My twin boys used to have such a blast building that dog-eared house of Gregg Jefferies Rookie Cards…and then flattening it with a poop-encrusted plastic snow shovel.
25 years ago, in the summer of 1987, Gregg Jefferies was the hottest prospect in baseball. He was considered a sure-fire future All Star and an expected mainstay for the New York Mets. Take Manny Machado and Jurickson Profar, combine them, and you have an idea about how much hype Jefferies was receiving. And he deserved it, too; he was a remarkable prospect.
...Handed the second base job in 1989, Jefferies didn’t live up to his press clippings, hitting .258/.314/.392 with 12 homers and 21 steals, with a 39/46 BB/K ratio in 508 at-bats. He took some flak for not being an immediate star and his defense wasn’t impressive, but he did post a positive OPS+ at 106 and WAR at 1.3. His production as a sophomore (.283/.337/.434, WAR 3.0) was better, but after a mediocre junior season (.272/.336/.374, 1.8 WAR) he was shipped off to the Kansas City Royals, where he played one season (.285/.329/.404, WAR 2.5).
In the spring of 1993, the Royals traded him east across I-70 to St. Louis, where he finally had the star-caliber season people were looking for: .342/.408/.485, 5.5 WAR. He remained an effective hitter for the Cardinals and Phillies (signing as a free agent for 1995), but his value sagged as he moved the wrong way on the defensive spectrum, eventually winding up as a first baseman with insufficient power for the position. Worn down by injuries, he ended up retiring in 2000 at the age of 32.

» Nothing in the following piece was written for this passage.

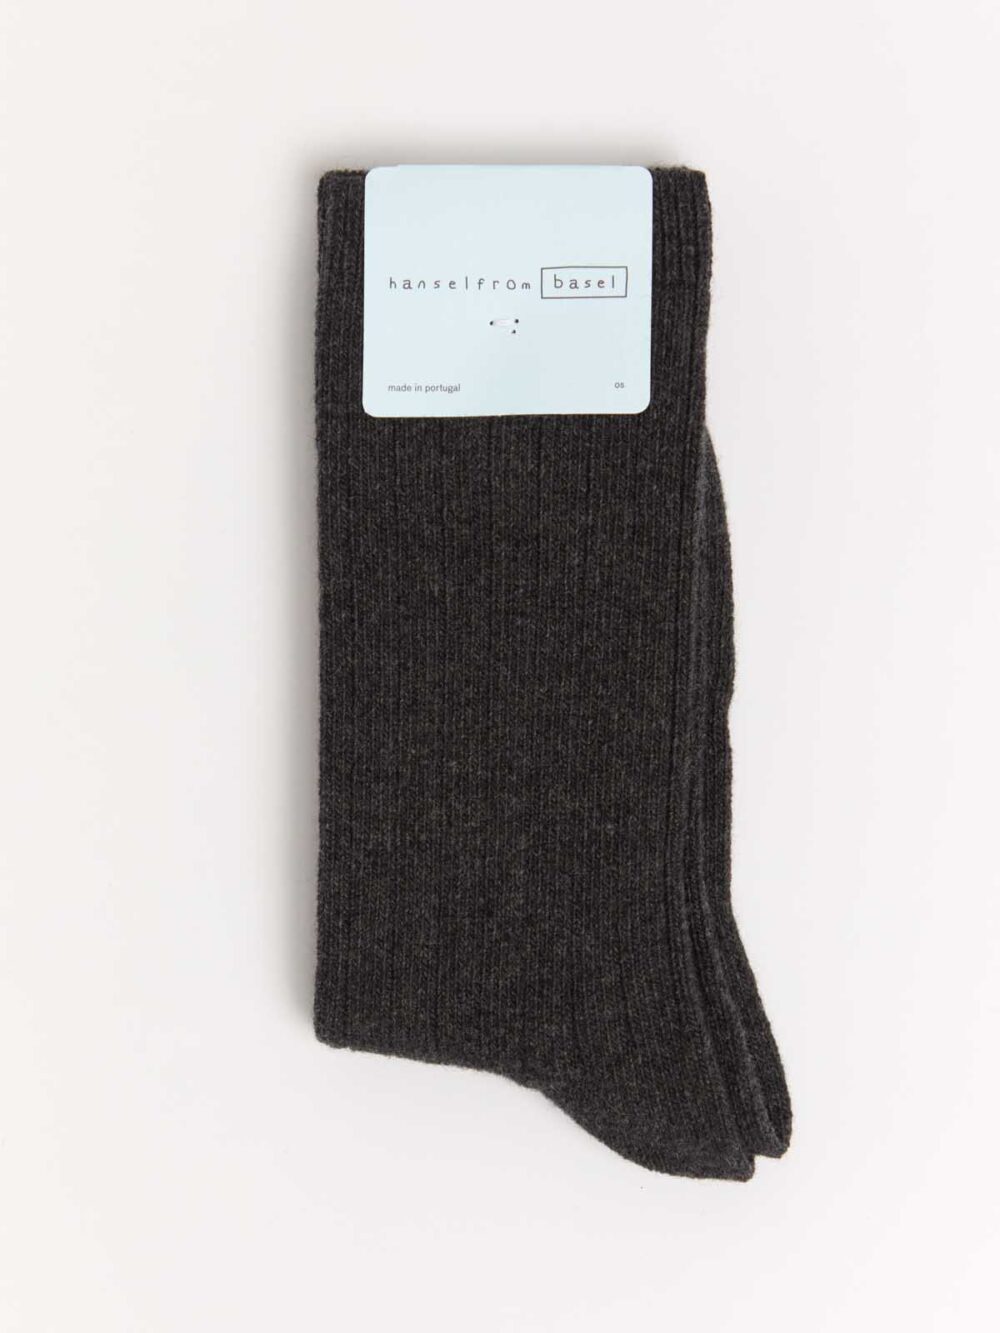 Italia Cashmere Rib Crew in Charcoal by Hansel from Basel

Although Jefferies was a disappointment compared to the hype he received in the minors, he did have a 14-year career in the majors, hitting .289/.344/.421 with a 107 OPS+. His OPS+ was better than league average every year until age 28 when injuries struck, and he had particularly good years in 1993 (.342/.408/.485, 142 OPS+, 5.5 WAR) and 1994 (.325/.391/.489, 130 OPS+, 1.9 WAR in the strike year). He stole 193 bases, was a two-time All Star, and posted a career 21.9 WAR.
He wasn’t a great player, but he had value.